Inutile sottolineare che il mio pallido tentativo di fare dell’ironia non aveva attecchito.
“Il tema è sempre lo stesso. Tu ti ostini a non voler vedere quello che hai davanti, solo perché hai paura di… di annegare in un sentimento che non vuoi, che ritieni sbagliato! Sei sempre stata tanto paziente con me, Giulia, mi hai tollerato, lo ammetto, quando probabilmente volevi soltanto picchiarmi, hai sopportato la mia presenza per così tanto tempo che alla fine non puoi biasimarmi se mi sono convinto che anche tu provi qualcosa! Insomma, dai, non puoi negare che stessimo iniziando ad avere qualcosa di più, che stessimo andando oltre l’iniziale rapporto del ‘esci con me o me la prenderò con i tuoi amici’… Mi sbaglio? E adesso, tutto quello che voglio, tutto quello che ti chiedo è di non rinunciare a quel qualcosa che si è creato tra di noi e che potrebbe essere davvero bello, soltanto a causa di un mio gesto più avventato di altri.”
Lo osservavo in silenzio, assorbendo le sue parole, cercando di accantonare i miei pregiudizi e sforzandomi, davvero, sforzandomi di comprendere il suo punto di vista. Lo so, lo so, su una cosa aveva ragione: prima che succedesse tutta quella faccenda di Lorenzo, qualcosa nel nostro rapporto era cambiato, evolvendosi in… beh, non lo so bene neppure io in che cosa si stava evolvendo. Al di là dei baci e degli abbracci, per un momento c’era stato qualcosa di più, qualcosa che mi teneva sveglia la notte e che aveva iniziato a farmi mettere in dubbio i miei sentimenti, arrivando al punto da confidarli alla mia migliore amica, che peraltro aveva cercato di farmi cambiare idea. Quel qualcosa era anche la causa del mio essere lì, adesso, di fronte a lui, invece che da tutt’altra parte a cercare di dimenticarlo. Per cui sì, Enrico aveva ragione: volendo fare un paragone romantico, mi sentivo come la volpe che era stata addestrata dal Piccolo Principe. Adesso che conoscevo Enrico, che lui mi aveva mio malgrado addomesticato, non sarei più stata capace di guardare il mondo e non vedere lui riflesso in ogni cosa: il verde cupo del mare mi avrebbe fatto pensare ai suoi occhi, il nero ai suoi capelli, la fresca fragranza del dopobarba al profumo che sentivo ogni volta che ero vicina a lui e che lo abbracciavo, per non parlare di quando, andando a portare un fiore a mio nonno, avrei ripensato a come mi aveva consolato il giorno del funerale… Enrico sarebbe stato dappertutto, non me lo sarei levato dalla testa neppure se l’avessi evitato come la peste fino alla fine dei miei giorni – come peraltro dimostrava l’anno appena trascorso.
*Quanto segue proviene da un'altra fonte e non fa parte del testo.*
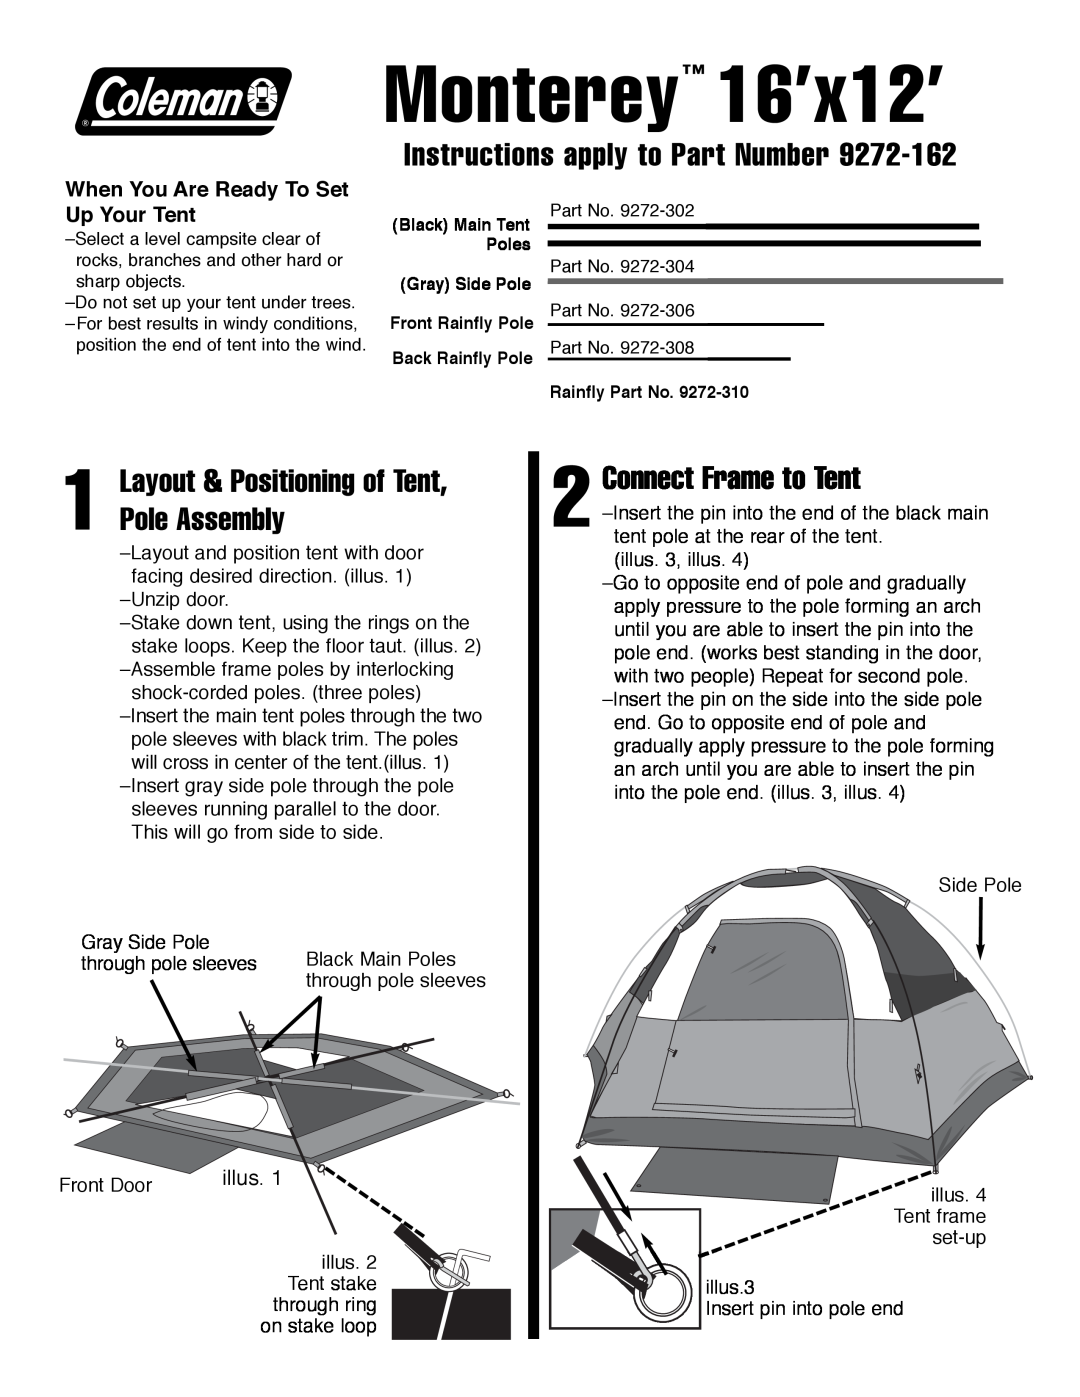 Coleman 9272-306 manual Instructions apply to Part Number, Layout & Positioning of Tent, Pole Assembly, Monterey 16’x12’

E questo, sinceramente, mi terrorizzava a morte.
Compresi di avere gli occhi lucidi quando lui sollevò una mano a sfiorarmi la guancia, con una certa titubanza che poteva essere interpretata come cautela.
“Ascolta, non ti sto chiedendo di sposarmi”, mormorò, muovendo gentilmente il pollice appena al di sotto del mio zigomo. “Vorrei solo che mi dessi un’altra possibilità, un’altra occasione di conoscermi, di conquistarti. Nessuna minaccia stavolta, te lo giuro, partiamo alla pari – e te lo sto chiedendo per favore, come te lo chiederebbe chiunque altro. Poi, vedremo come andrà… Magari sarà un fiasco completo e ci lasceremo da buoni amici, chi lo sa? Non potremo mai toglierci questo dubbio se non ci proveremo. Comunque io so che non sarà così. So quello che provo, e perdonami l’arroganza ma credo di sapere anche cosa provi tu. Non saresti qui, in questo momento, se io ti fossi del tutto indifferente!”
Come contraddire tanta sicurezza? Mi sedetti, spezzando il contatto della sua mano sul mio viso – reggermi in piedi stava iniziando a diventare difficile – e iniziai a tamburellare le dita sulla superficie liscia del tavolo per scaricare il nervosismo.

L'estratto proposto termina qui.